Even a disorderly default by a country within the euro, no matter how severe its consequences for its own people and for its creditors, would have far less severe consequences for the euro, and for the EU itself, than an exit of a country from the euro would have. I have heard a view from some northern Europeans that an orderly exit of Greece from the euro could be contemplated if it would be accompanied by building up a huge fund—much bigger than the existing ESM—to stand behind all the other euro area states so as to prevent a Greek exit leading to a loss of confidence in the financial position of the rest of the euro zone. I believe this view, that a Greek exit from the euro can be managed, is profoundly mistaken. The whole edifice of the EU rests on law. The EU has no police force to enforce its will. It relies on Member States freely respecting the interpretation of EU law by the European Court of Justice, and implementing the Court’s decision, however unpleasant that may be. The exit of a country from the euro is, quite simply, a breach of the treaty obligations, and treaty obligations have the force of law. The euro was established on the basis that it is irreversible. A Greek exit, particularly if it would be condoned or encouraged by other members, would say loudly that the euro is not irreversible. That would lead to constant speculation in the markets as to who would be next. And as speculation would increase, so too would the size of the funds or guarantees needed to check it. That in turn would lead to a heightened risk that some of the creditor countries, who would have to provide these funds and guarantees, might decide that they themselves should exit the euro and re- establish their own currencies. That would be the end of the euro. Breakups of currency unions have happened before, in Austro-Hungary after the First World War and in Eastern Europe in the 1990s when the rouble zone broke up. As described in a recent article by Anders Aslund of the Peterson Institute of International Economics, the consequences of this were disastrous.

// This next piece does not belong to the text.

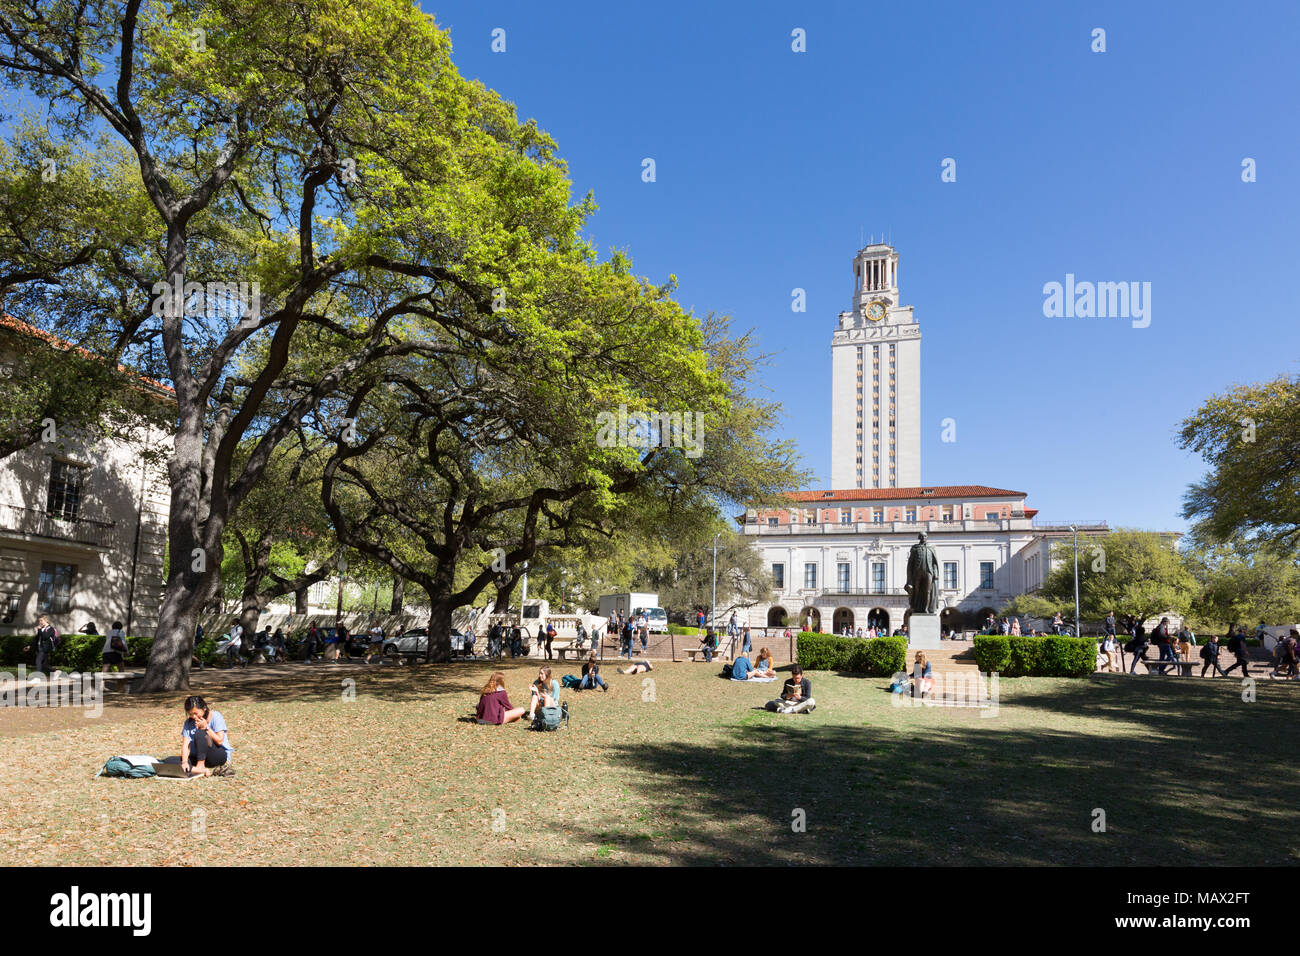 US University; Students reading on the grass in spring sunshine, The university of Texas Austin, Texas USA Stock Photo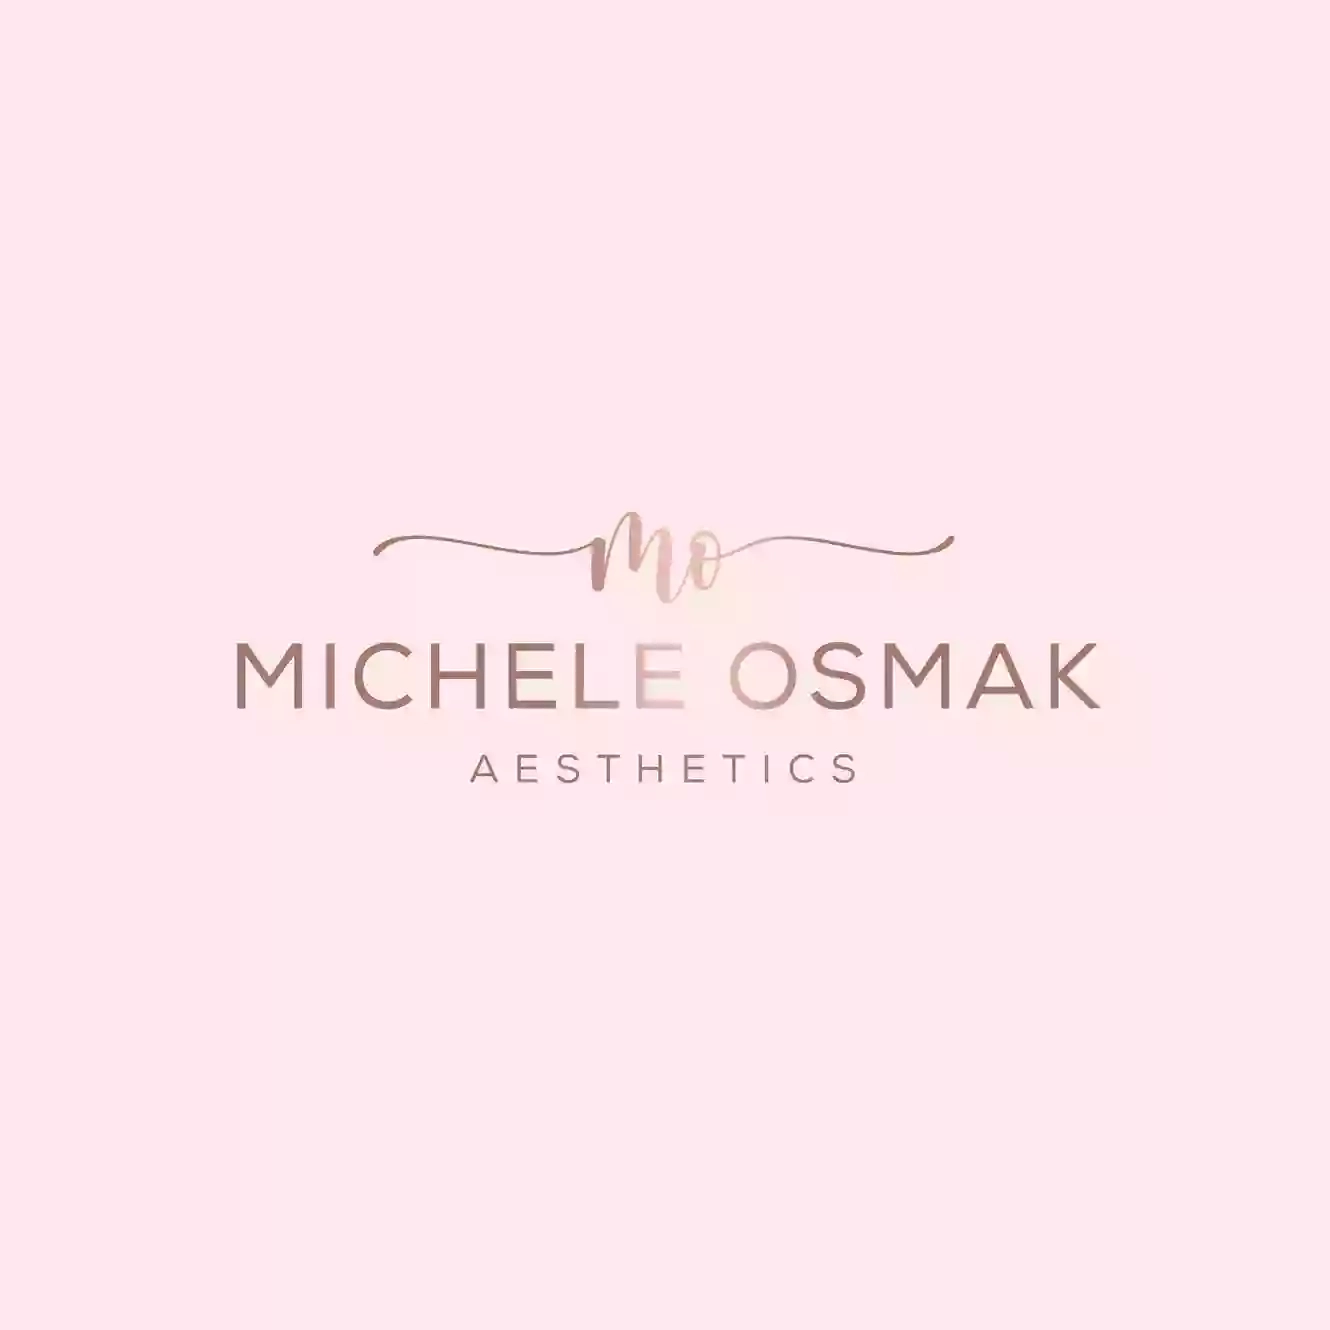 Michele Osmak Aesthetics

New currencies would have to be established. The relative value of these currencies would be unknown and unknowable. Some would lose value very quickly and others would shoot up in value. Exports would become dramatically uncompetitive in some cases, and in others they would become so cheap that there would be accusations of dumping, currency manipulation, and calls for the immediate reintroduction of import duties to level the playing field. Such duties, if imposed, would end the Single Market, which would be tantamount to the breakup of the European Union itself. Open markets, the assumption on which Ireland built its entire economy over the last fifty years, would be gone. In some countries the banking system would break down, and people would have no access to credit for even the most basic transactions. In others, people would cease to trust the value of their own money, and money, after all, is based on a promise. If people can no longer trust the states standing behind the promise that underlies their money, the basis for money itself is gone. This is not fiction. It is what happened when the rouble zone broke up in the 1990s and explains why incomes fell by 50% in the former rouble zone countries. And the exporter nations within the rouble zone, like the Russian Federation, suffered just as much hardship as the importer nations like Latvia and Estonia. The political stresses that this scenario contains for the 500 million people of the EU and their governments would be such that trust between European nations would easily break down 4 completely. We see signs of that happening already, but it is being held in check by the hope that problems can still be resolved on a collective basis. A breakup of the euro would show that it was impossible to resolve matters on a collective basis, and it would then be a case of every nation for itself, with particularly severe consequences for smaller countries like Ireland.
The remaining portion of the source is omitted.